*** Opening of DATA IN THIS EXERCISE ***
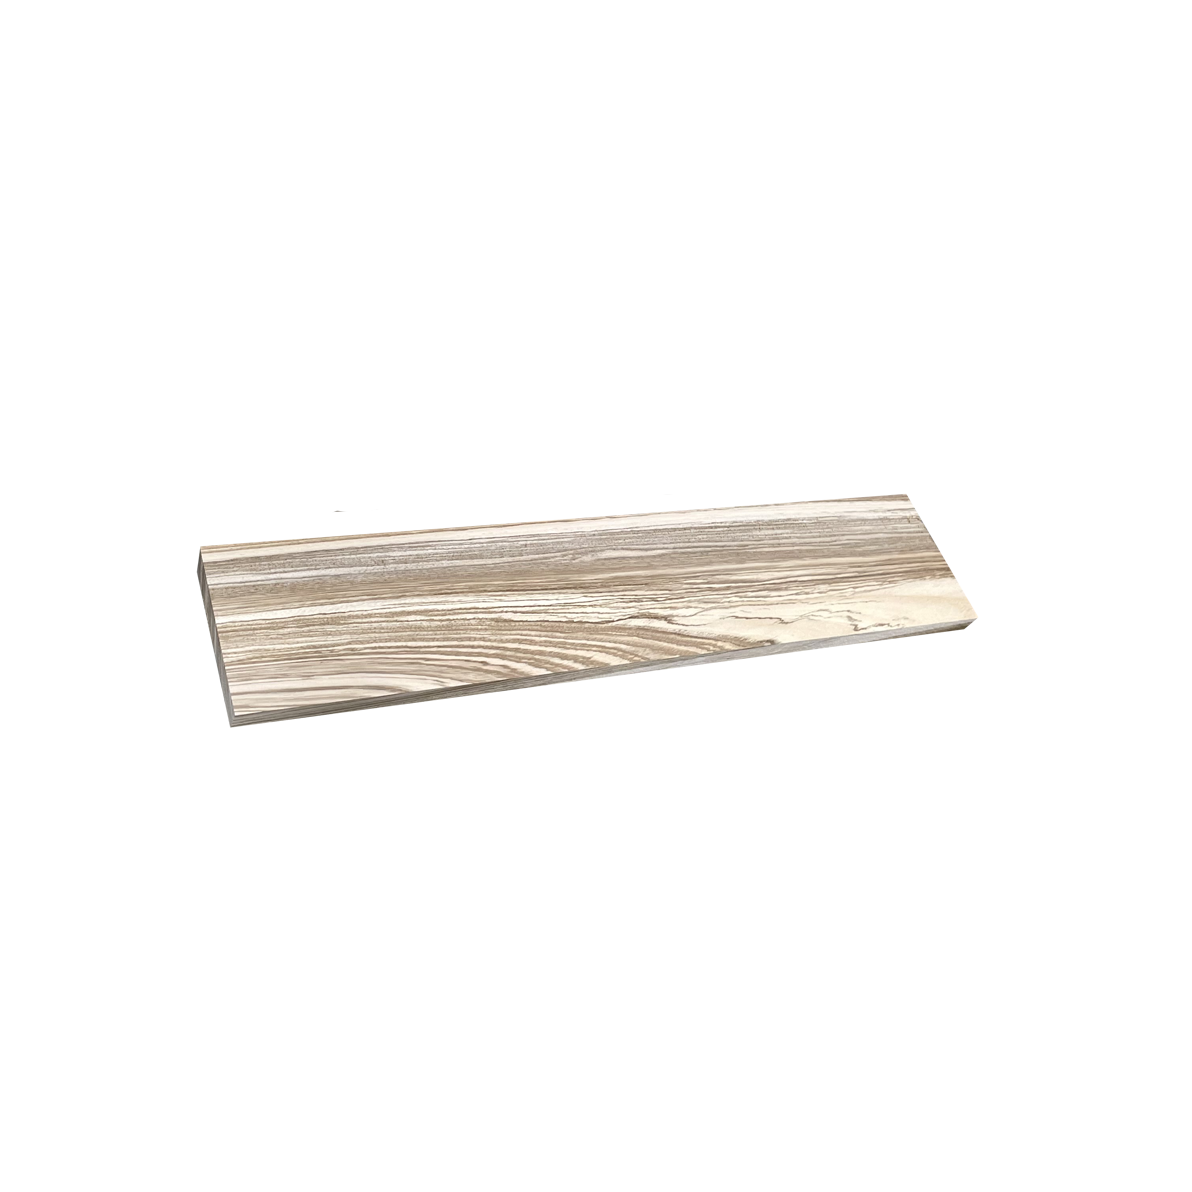 Zebrawood - Dimensional Lumber
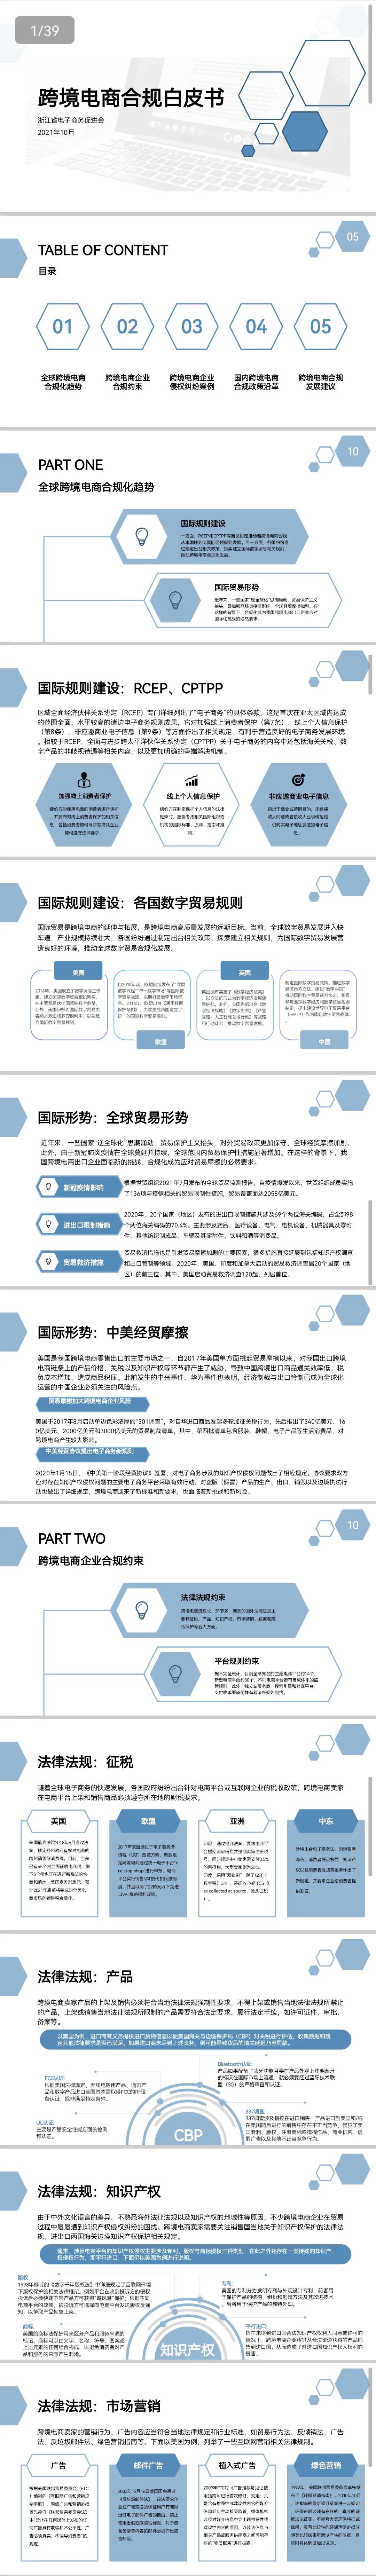 《<a href='https://www.zhouxiaohui.cn/kuajing/
' target='_blank'>跨境电商</a>合规白皮书》发布，企业合规发展全流程指导解读！-第1张图片-周小辉博客
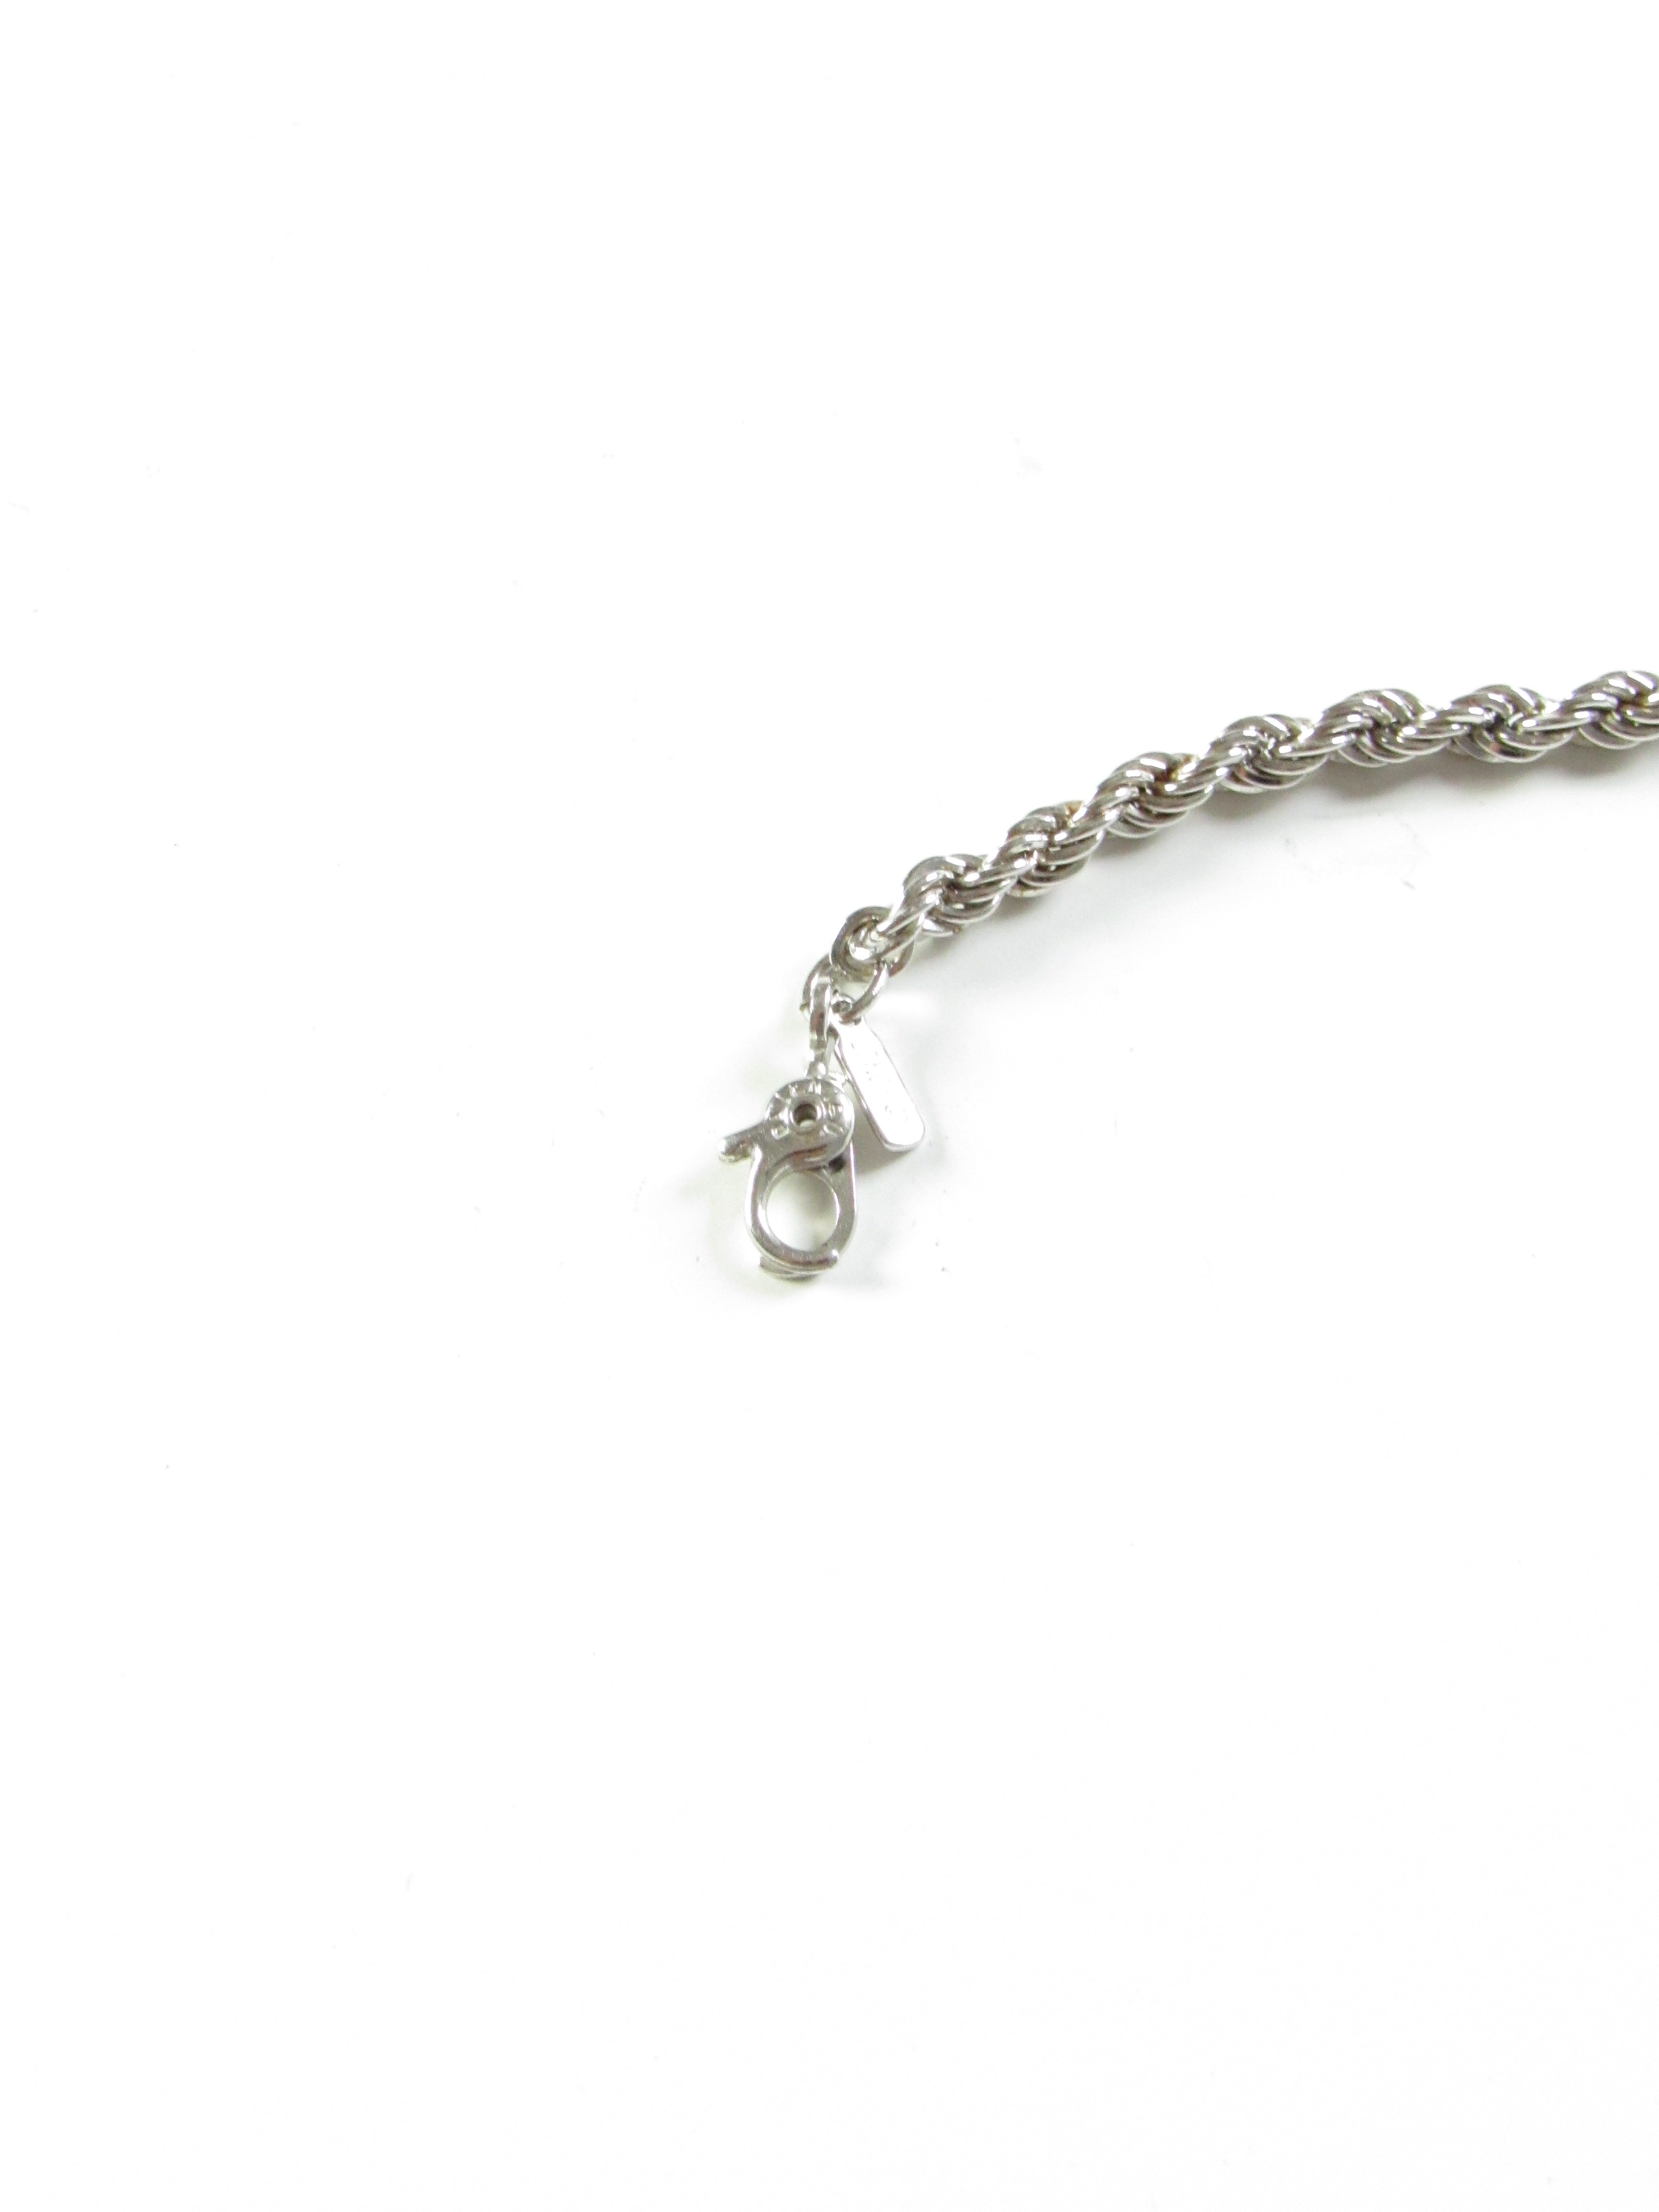 Monet Rope Chain Silver Bracelet
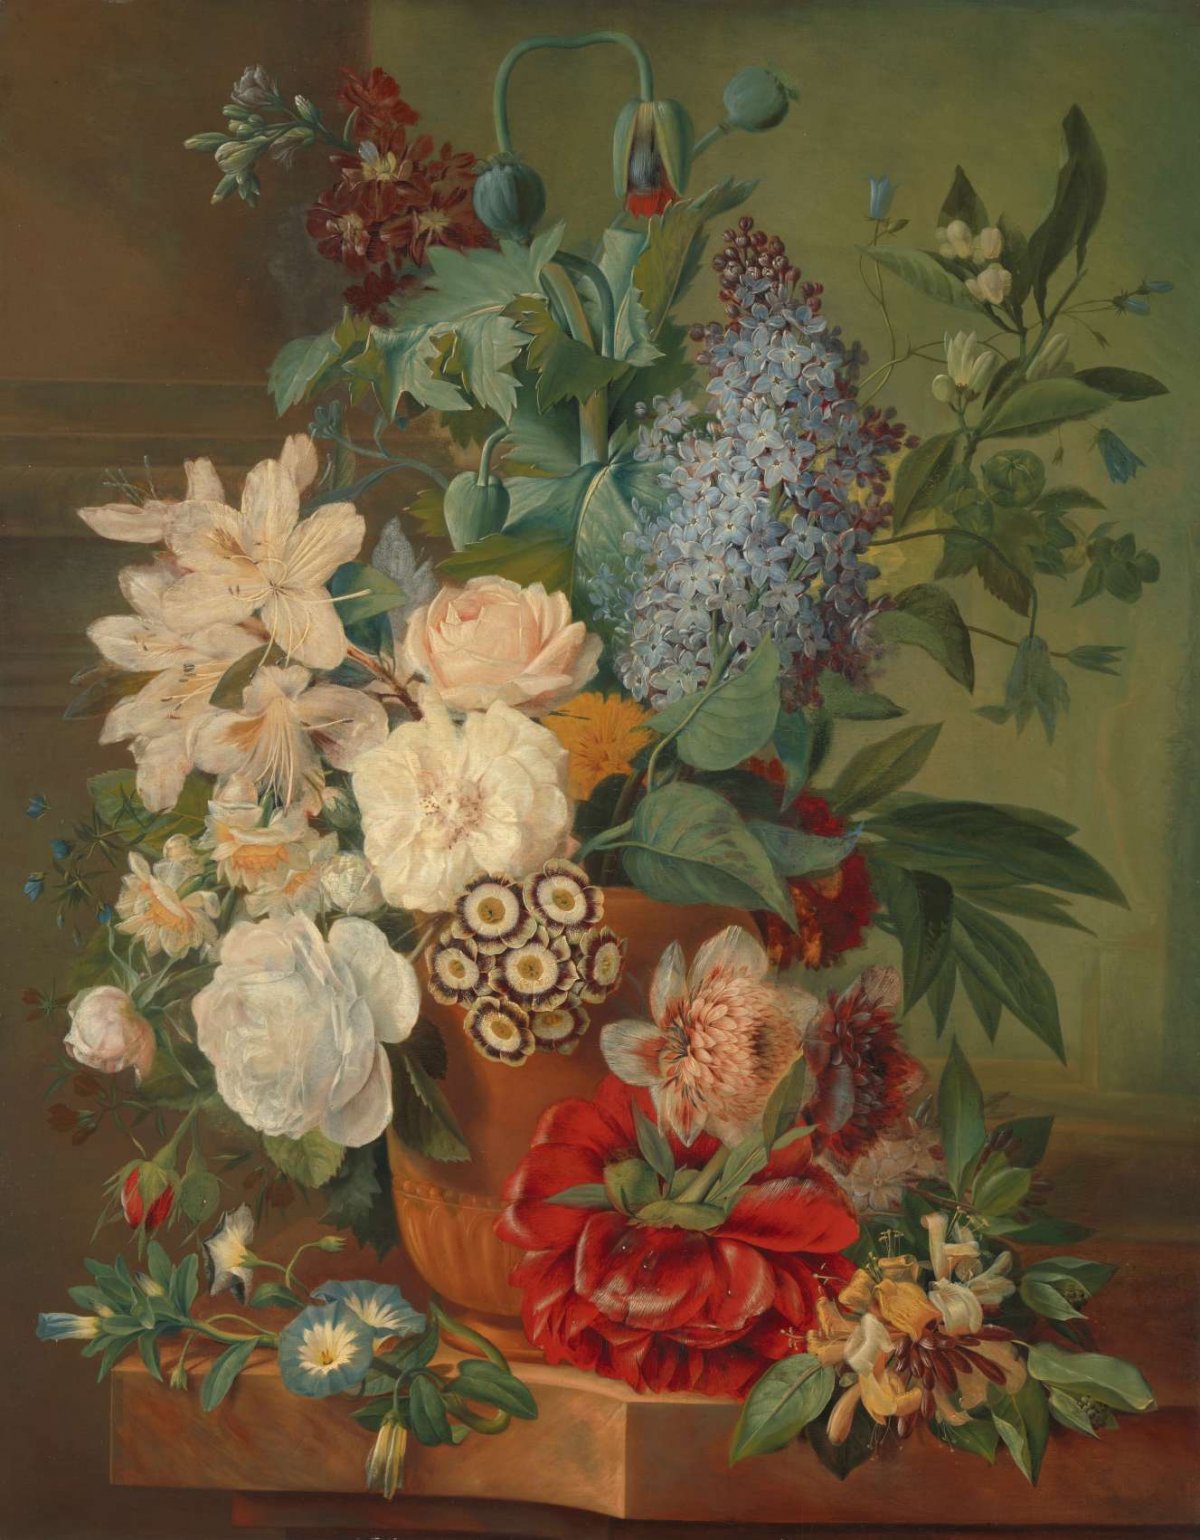 Flowers in a Terra Cotta Vase, Albertus Jonas Brandt, 1810 - 1824
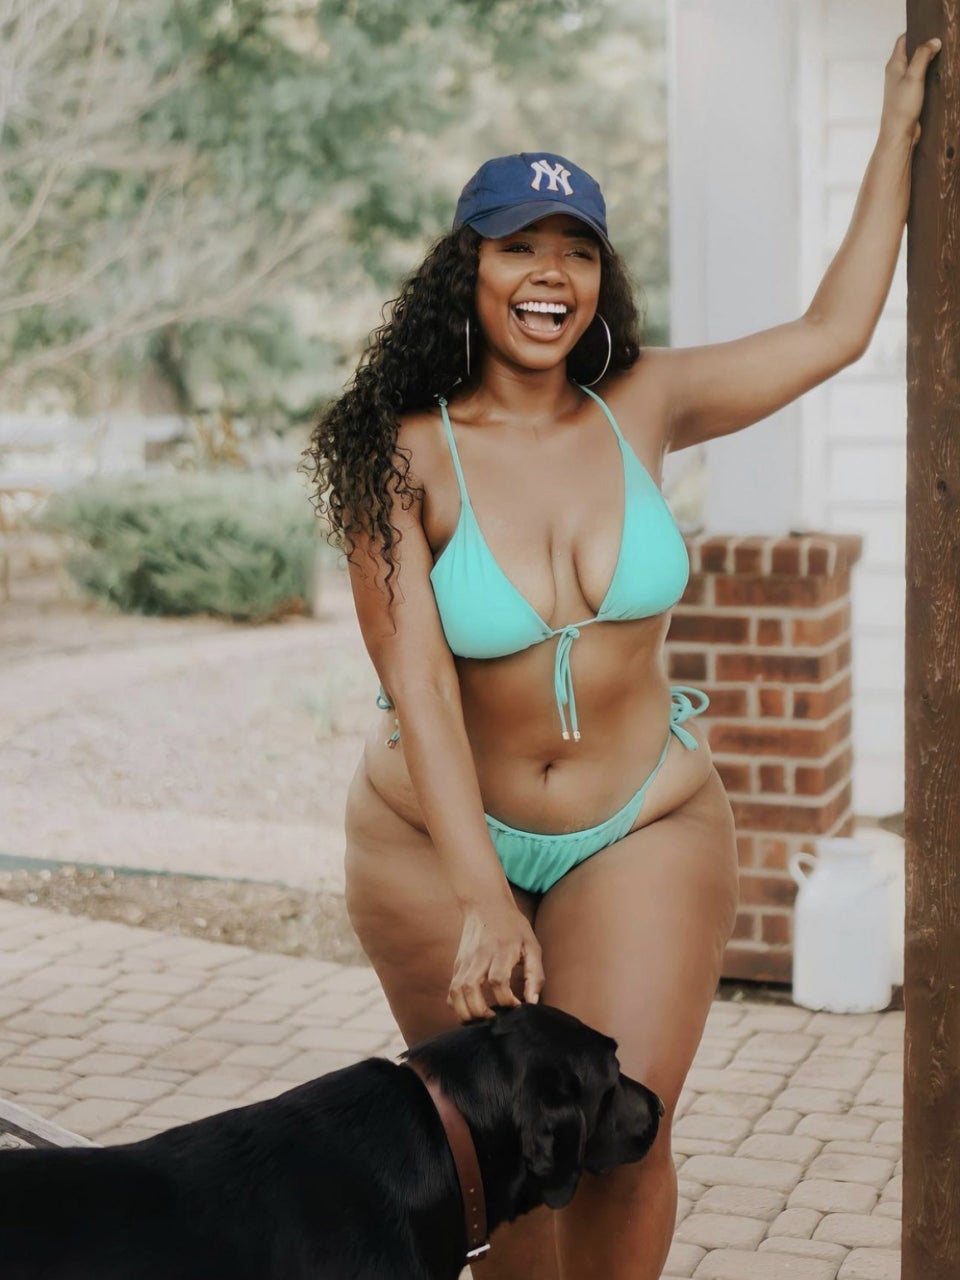 Plus-Size Model Sydney Bell Wants Women To Know That Every Body Is A “Bikini Body”
*** Close of DATA IN THIS EXERCISE ***
__TASK REQUIREMENTS__
Retype exactly the lines above, starting at the line containing "Flowers in a" and ending with the last line, both included; leave out the pictures.

__ANSWER FOR THE TASK__
 Flowers in a Terra Cotta Vase, Albertus Jonas Brandt, 1810 - 1824
 Plus-Size Model Sydney Bell Wants Women To Know That Every Body Is A “Bikini Body”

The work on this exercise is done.